В подъезде пахнет вареной капустой и старыми половиками. К стене приколот цветной плакат, слишком большой для закрытого помещения. На нем — только метровое лицо мужчины лет сорока пяти с густыми черными усами и грубыми, но приятными чертами. Уинстон направился к лестнице. Вызывать лифт не имело смысла. Он и в лучшие времена работал редко, а теперь электричество в светлое время суток отключают. Кампания экономии входит в план подготовки к Неделе ненависти. До квартиры семь пролетов. Уинстон, тридцати девяти лет от роду и с трофической язвой над правой лодыжкой, преодолел их медленно, с несколькими остановками на отдых. На каждой лестничной площадке, напротив шахты лифта, взирал со стены плакат с огромным ликом — одно из тех изображений, на которых глаза как бы поворачиваются вслед за тобой. «Старший Брат видит тебя» — гласила подпись.
В квартире сочный голос зачитывал цифры, как-то связанные с производством чугуна. Голос звучал из прямоугольной металлической пластины вроде мутного зеркала, занимавшей часть правой стены. Уинстон повернул выключатель, и голос стал несколько тише, хотя слова все еще можно было разобрать. Телевид — так называется аппарат — можно приглушить, но не выключить полностью. Уинстон подошел к окну. Невысокий, щуплый, в синем форменном комбинезоне партийца он казался еще более тощим. Очень светлые волосы оттеняли природный румянец. Кожа сделалась шершавой от грубого мыла, тупых бритвенных лезвий и холода только что прошедшей зимы.
Даже сквозь закрытое окно мир снаружи выглядел озябшим. Внизу, на улице, ветер закручивал спиралями пыль и бумажные клочья, и хотя в вызывающе синем небе сияло солнце, все казалось бесцветным, кроме расклеенных повсюду плакатов. Черноусый лик глядел с каждого угла. С фасада дома напротив — тоже. «Старший Брат видит тебя» — гласила подпись, и темные глаза заглядывали Уинстону прямо в душу. Внизу, на уровне первого этажа, угол другого плаката оторвался от стены, и его трепали порывы ветра, то пряча, то вновь открывая единственное слово: «Англизм». Вдали нырял между крыш вертолет, зависал на мгновение, словно трупная муха, и снова взвивался по дуге. Это полицейский патруль заглядывал людям в окна. Но патрули — ерунда. Совсем другое дело — полиция мыслей, Думнадзор.
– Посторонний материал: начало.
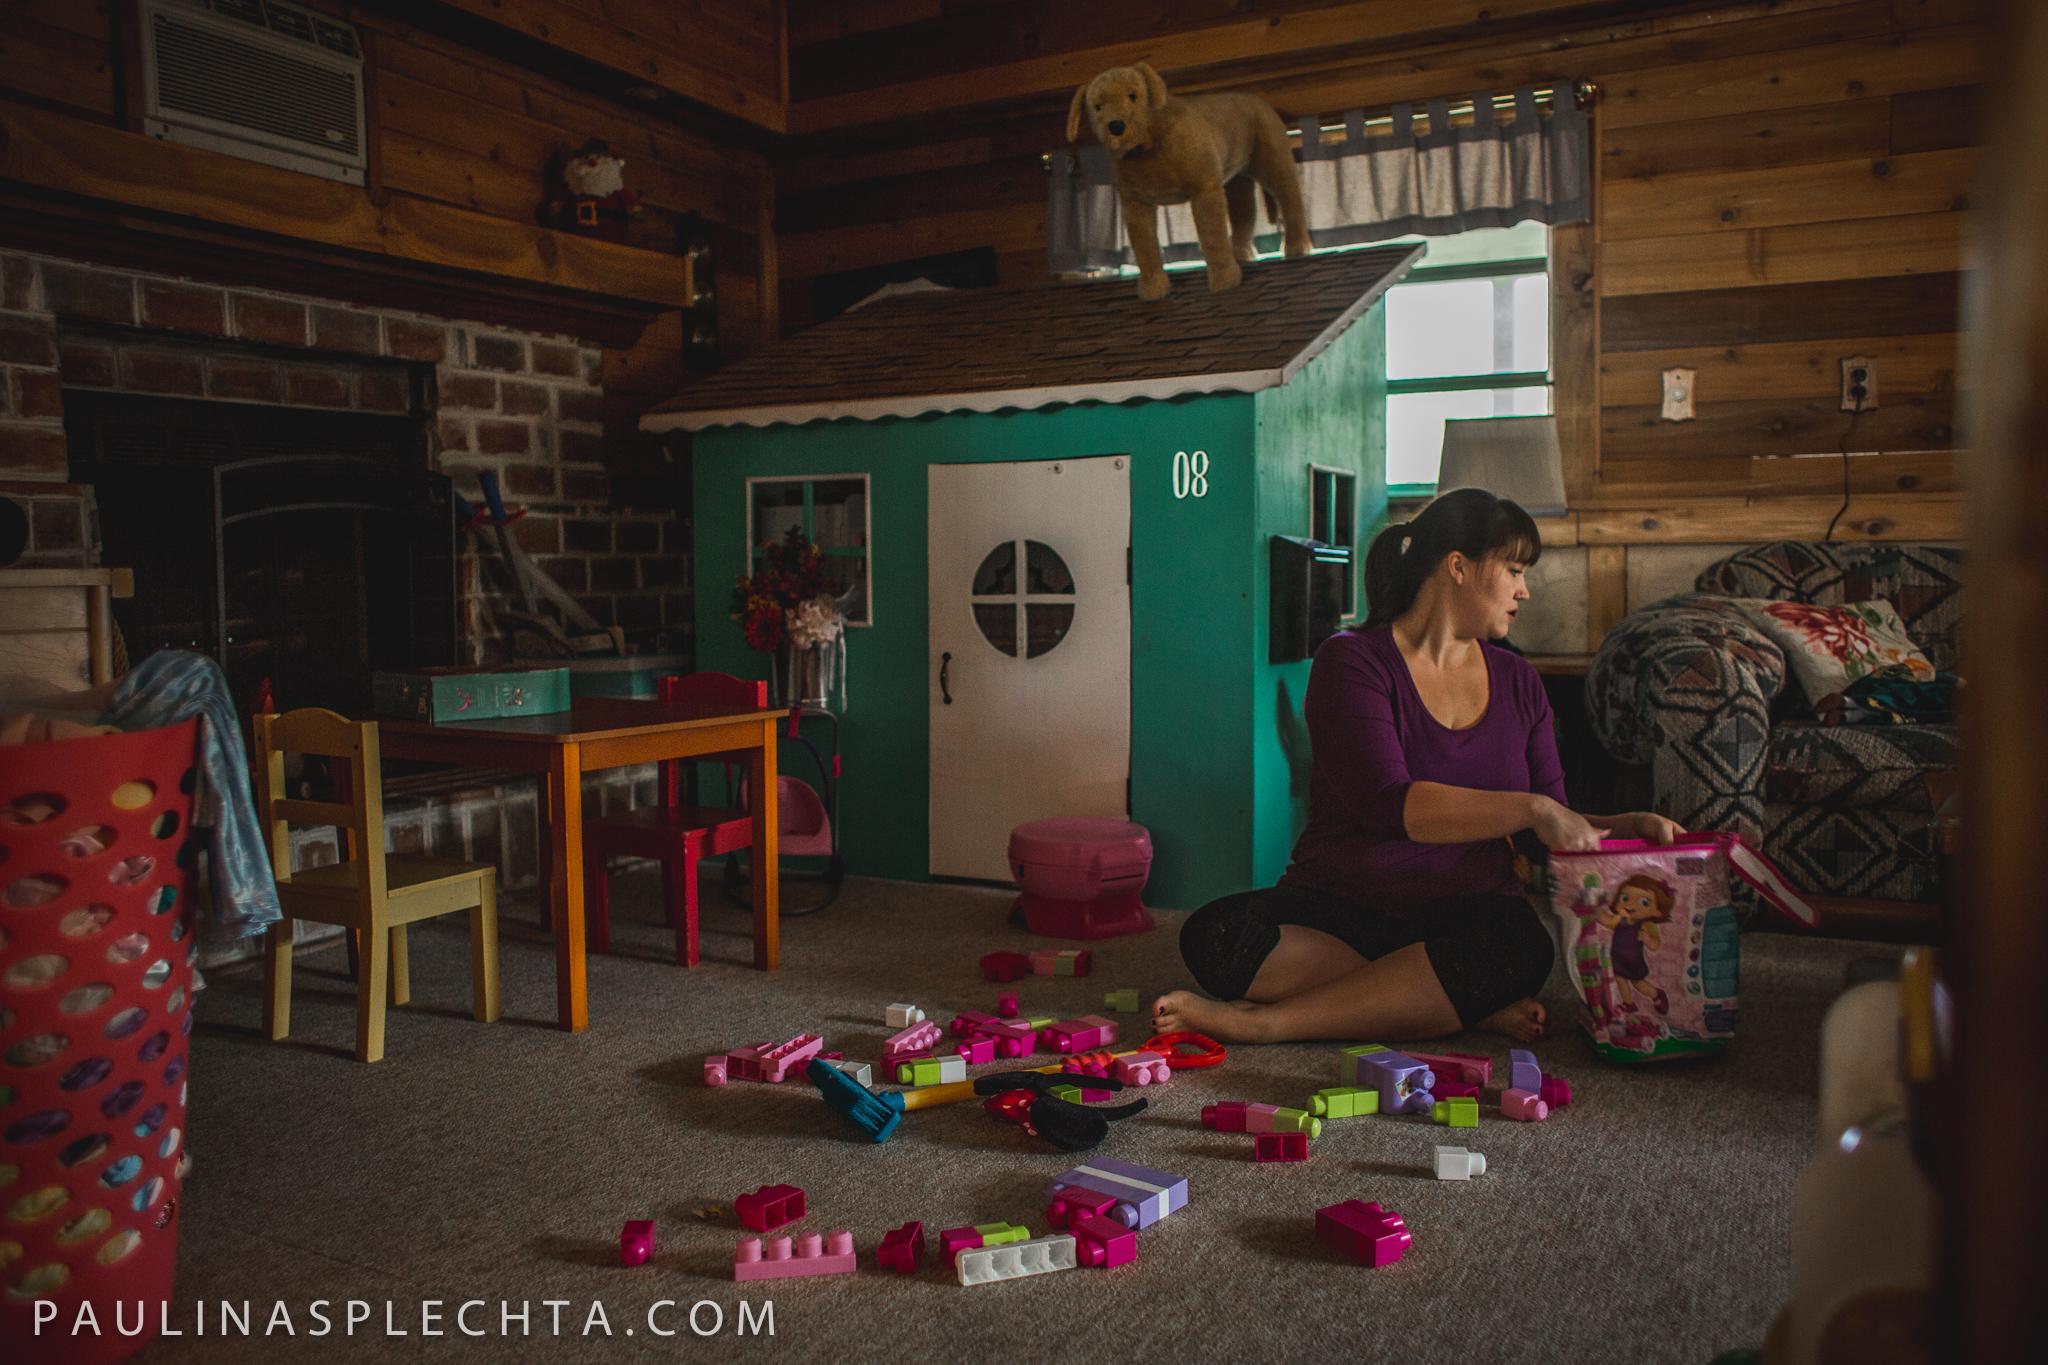 Family Photographer South Florida Pompano Broward Palm Beach Babies Baby Newborn Breastfeeding Birth Photograpy Beach Home Documentary Session-175.jpg

За спиной Уинстона голос из телевида все еще журчал о чугуне и перевыполнении Девятой трехлетки. Телевид и принимает, и передает одновременно. Металлическая пластина улавливает каждый звук, кроме самого тихого шепота. Больше того, пока Уинстон находится в поле обзора телевида, его не только слышно, но и видно. Никто не знает наверняка, наблюдают за ним сейчас или нет. Как часто и по какому графику Думнадзор подключается к каждому устройству, можно только догадываться. Возможно даже, что за всеми наблюдают постоянно. И уж точно могут подключиться, когда захотят. Ты вынужден жить — и живешь по привычке, ставшей инстинктом, — исходя из того, что каждый звук прослушивается, а каждое движение, пока светло, тщательно изучается.
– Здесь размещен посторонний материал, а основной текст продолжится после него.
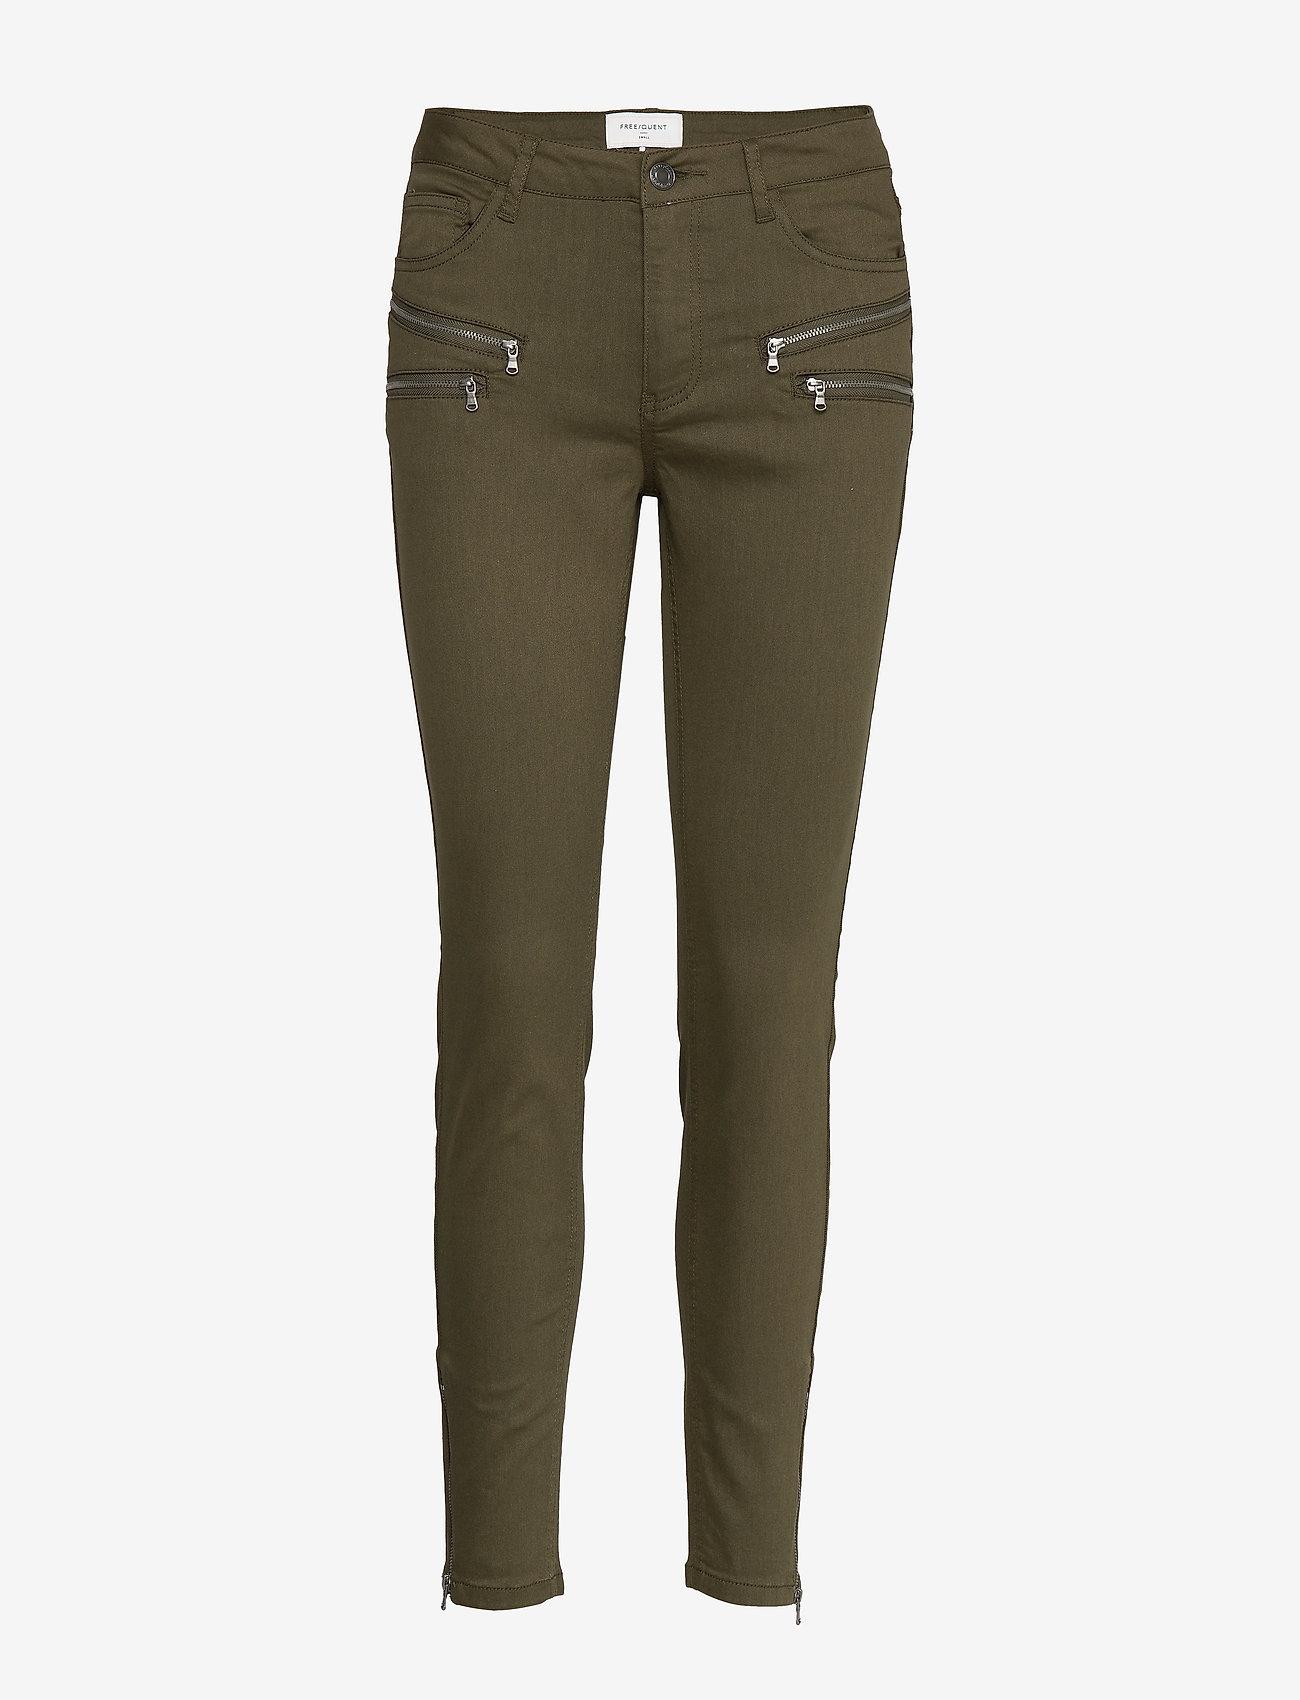 FREE/QUENT - FQAIDA-PA-7/8 - pantalons slim - olive night 19-0515 - 0

Уинстон старался держаться к телевиду спиной. Так безопаснее, хотя — он это отлично знает — и спина может выдать. В километре отсюда Главный комитет истины, его место работы, возвышается белоснежной глыбой над закопченным пейзажем. Такой вот, подумал Уинстон со смутной неприязнью, — такой вот он, Лондон, главный город Авиабазы номер один, третьей по населению провинции Океании. Уинстон попытался выдавить из себя какое-нибудь детское воспоминание: всегда ли Лондон был вот таким? Всегда ли открывался такой же вид на ряды прогнивших, подпертых бревнами домов девятнадцатого века постройки? На окна, заложенные картоном, и крыши с заплатами из листового железа? На палисады, кренящиеся, как пьяные, во все стороны? На места бомбежек, где вьется в воздухе известковая пыль и горы мусора зарастают иван-чаем? На прогалины от бомб побольше, где выросли нынче колонии убогих дощатых домишек вроде курятников? Все без толку, он ничего не помнил. Все, что осталось от детства, — серия пересвеченных кадров, на которых ничего не различить.
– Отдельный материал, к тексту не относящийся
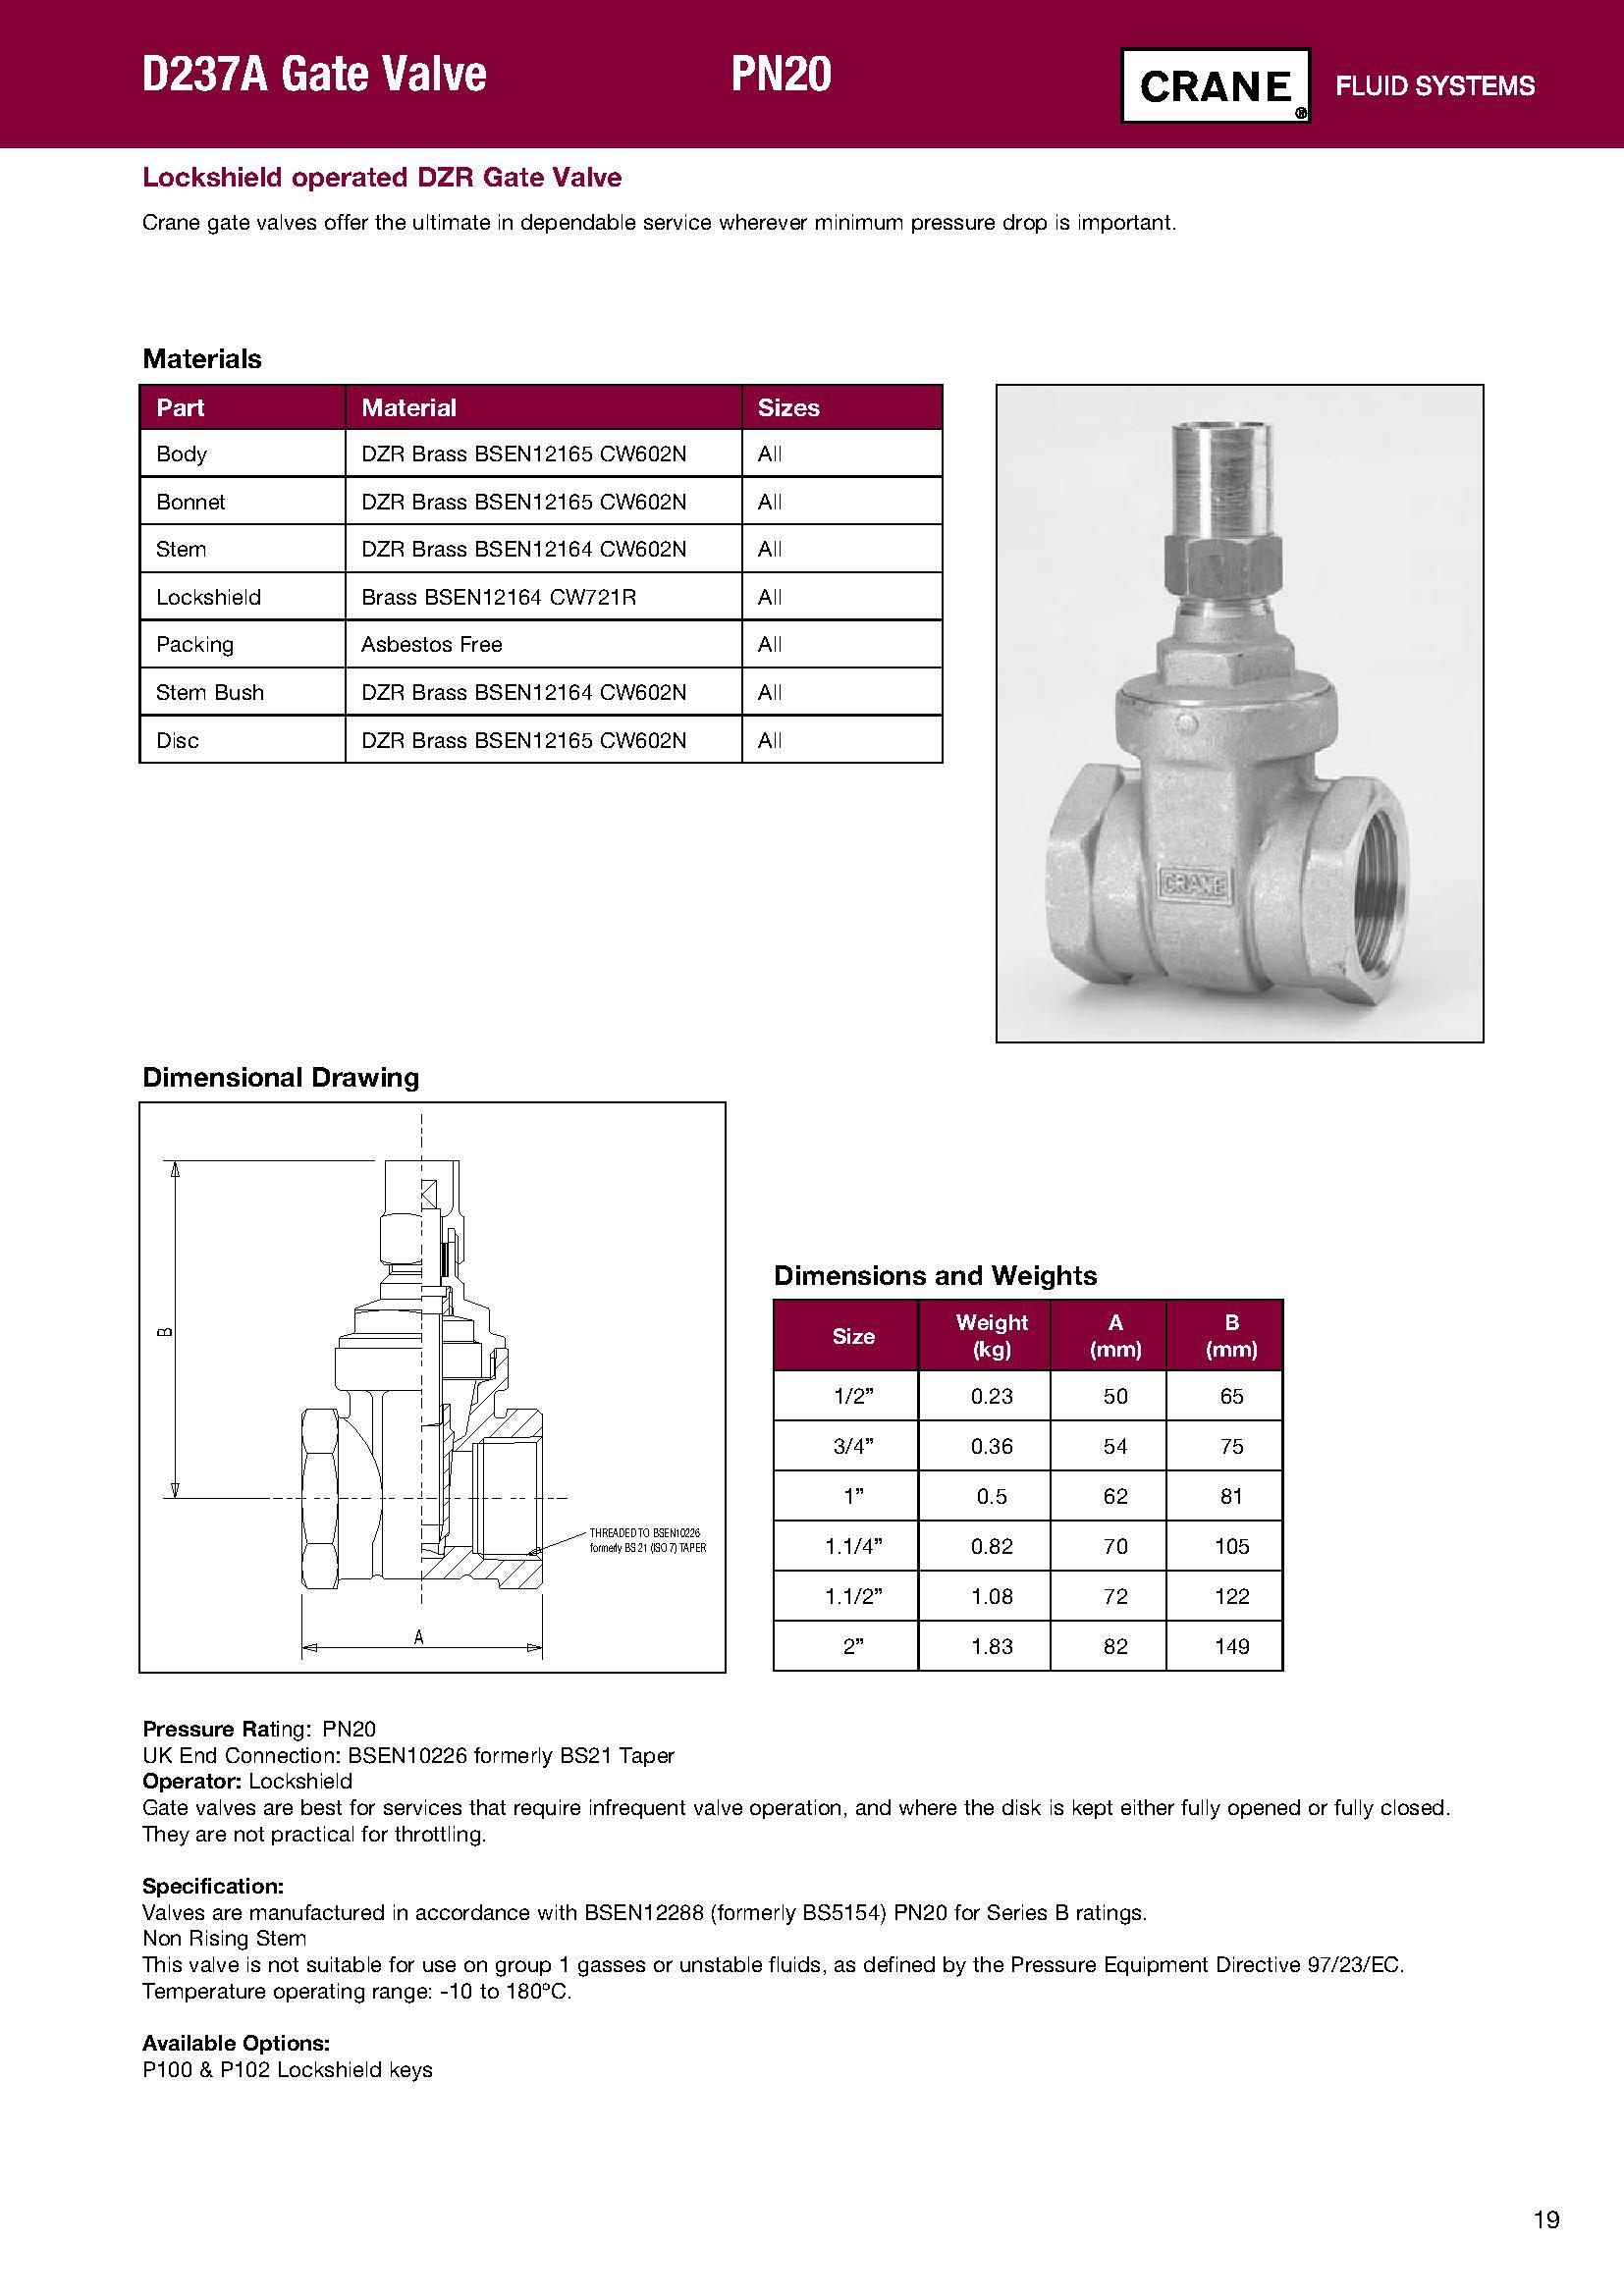 Crane d237a 34 gate valve lock shield harris bailey ltd crane d237a 34 pooptronica Images

Главный комитет истины — на новоречи* Главист — поражает своей несхожестью со всем прочим в поле зрения. Это огромное пирамидальное строение из ослепительно белого бетона, вздымающееся в небо на триста метров, терраса за террасой. Издалека Уинстон едва мог различить выбитые элегантным шрифтом на белой стене три лозунга Партии:
ВОЙНА ЕСТЬ МИР
СВОБОДА ЕСТЬ РАБСТВО
НЕЗНАНИЕ ЕСТЬ СИЛА
*Новоречь была официальным языком Океании; с разбором ее структуры и этимологии можно ознакомиться в приложении. — Прим. авт.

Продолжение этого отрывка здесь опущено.